Published Nov. 21, 2023.

Nirsevimab (Beyfortus) RSV preventive antibodies for infants is in short supply. Encourage Abrysvo vaccine for pregnant people to protect babies from RSV. 

Washington will receive 7,700 50 mg and 600 100 mg nirsevimab doses for the remainder of respiratory syncytial virus (RSV) season. Centers for Disease Control and Prevention (CDC) released a Health Alert that includes guidance for healthcare providers. 

Providers should:

  • Know nirsevimab supply is on allocation from CDC. Washington Department of Health (DOH) is prioritizing tribal clinics and birthing hospitals.
  • Encourage pregnant people to get Abrysvo RSV vaccine at 32–36 weeks gestation to protect newborns from severe RSV after birth.
  • Give palivizumab (Synagis) to eligible infants instead of nirsevimab this RSV season.
  • Consider stocking Abrysvo at clinics that serve pregnant patients. 
  • Know pharmacists can give Abrysvo to pregnant patients, as Advisory Committee on Immunization Practices (ACIP) recommends it. Use the Abrysvo vaccine locator to find this vaccine.

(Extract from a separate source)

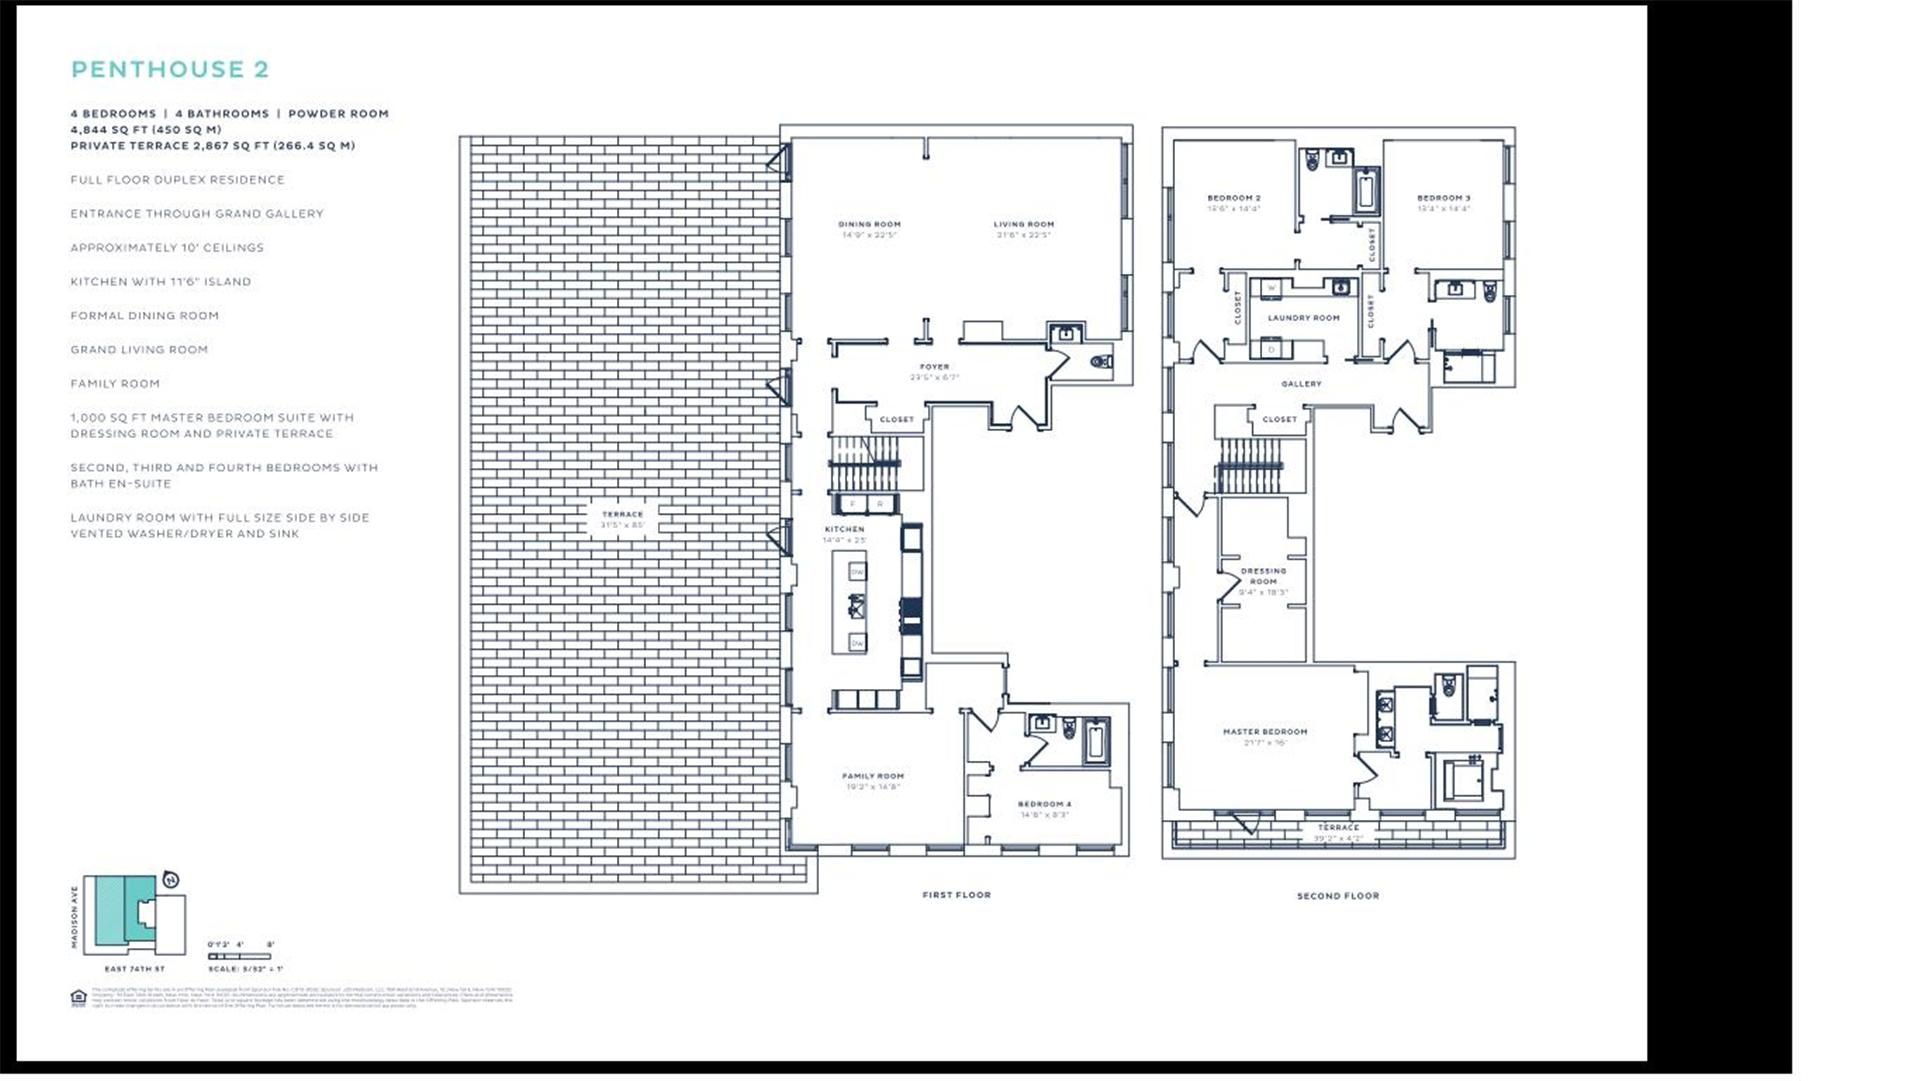 Floor plan of 33 East 74th Street, 33 East 74th St, PH2 - Upper East Side, New York

Immunize.org released a standing order template for this RSV season to ensure infants meet eligibility criteria.

CDC recommends Abrysvo vaccine for pregnant people. 

Administer Abrysvo vaccine during RSV season (September–January).

  • Give without regard to timing of other vaccines. 
  • Administer between 32 weeks, 0 days and 36 weeks, 6 days gestation. 
  • This gives infants adequate protection from RSV, if administered at least 14 days before delivery.  
  • ACIP judged the benefits of vaccination outweighed risks. Efficacy against hospitalization for RSV was 48.2% during the approved dosing interval. See MMWR for complete efficacy and safety information. 
  • Arexvy, GSK’s RSV vaccine for older adults, is not approved for use in pregnancy.